» DATASET EXTRACT
· · · · ·

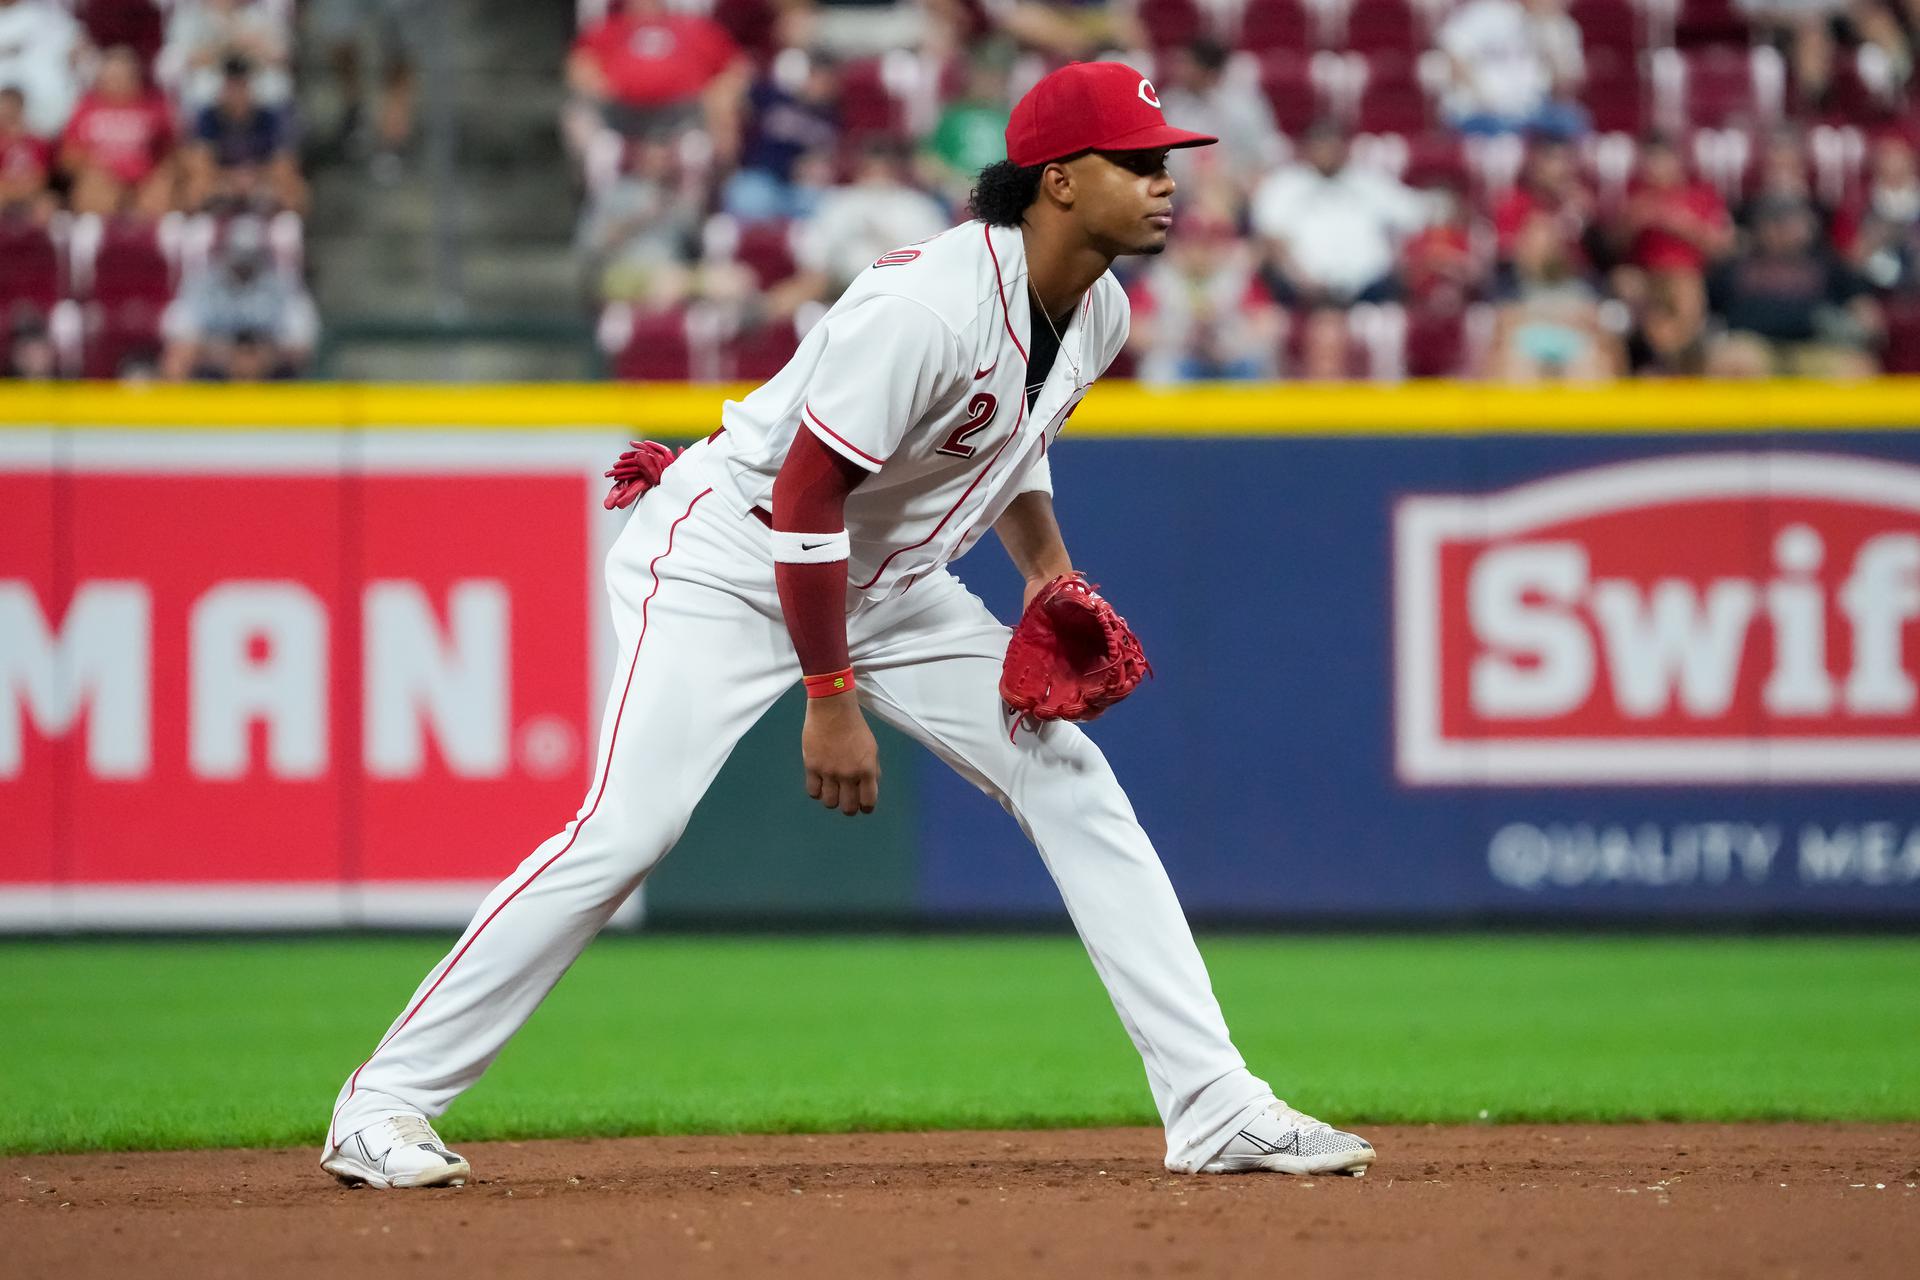 Reds player Jose Barrero stands ready while playing shortstop during a baseball game
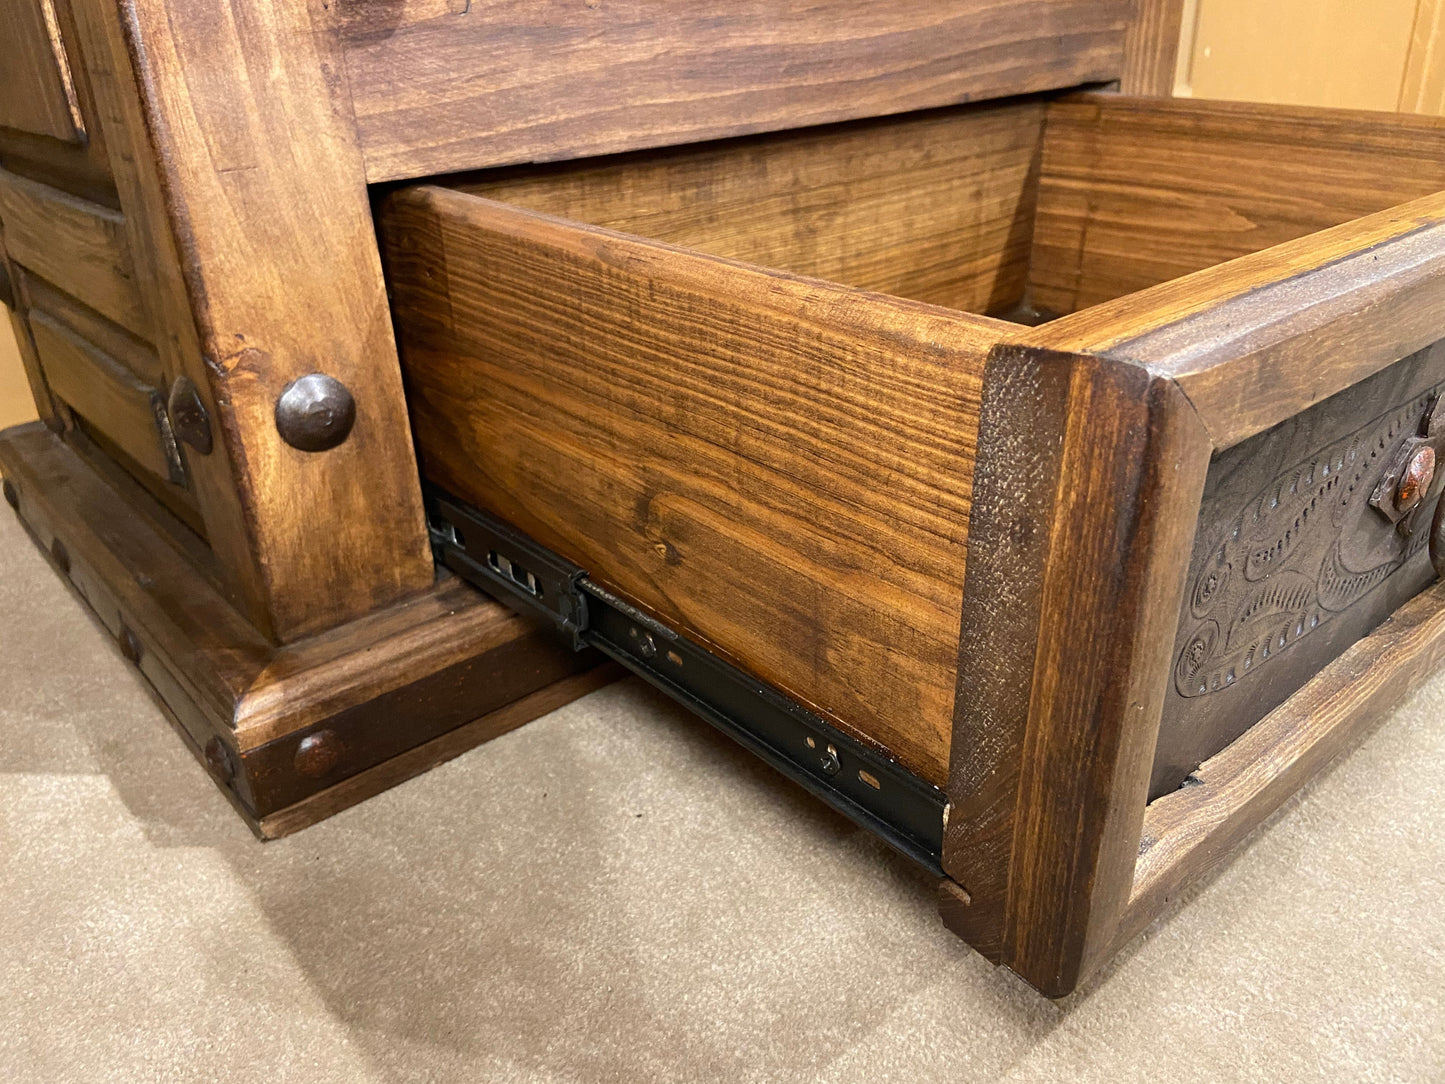 Side angle of drawer showing hardware used for soft closing drawer
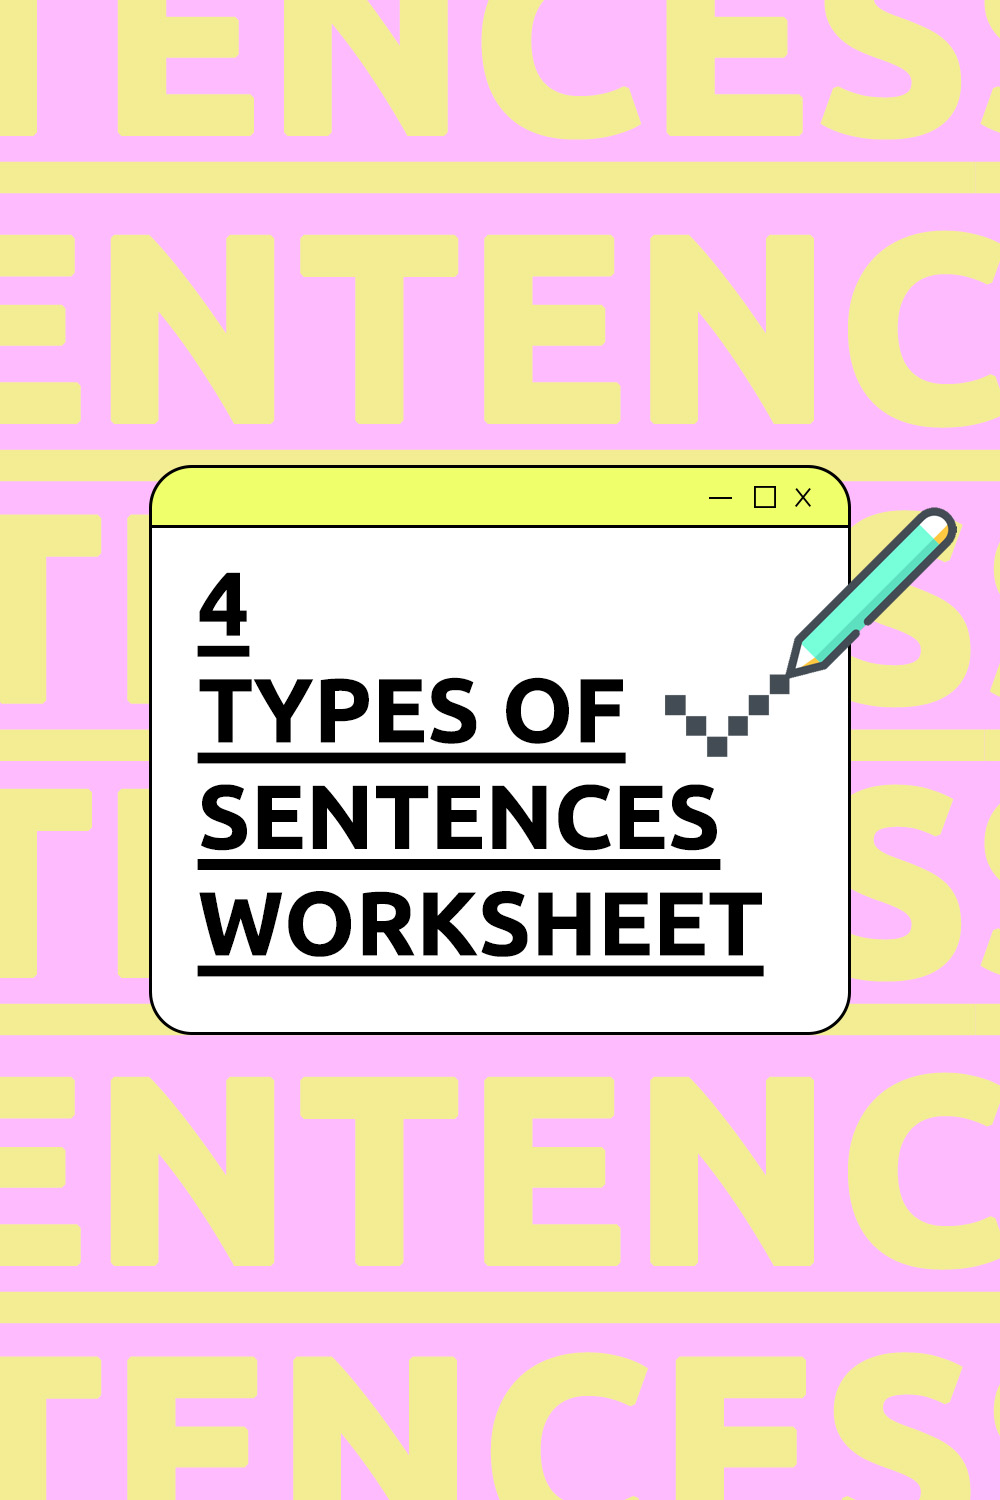 18 Images of 4 Types Of Sentences Worksheets

· · · · ·

» TASK DETAILS
Output the line containing "Side angle of" and each line after it, through the end of the material, exactly as given. No pictures belong in the output.

» RESPONSE
 Side angle of drawer showing hardware used for soft closing drawer
 18 Images of 4 Types Of Sentences Worksheets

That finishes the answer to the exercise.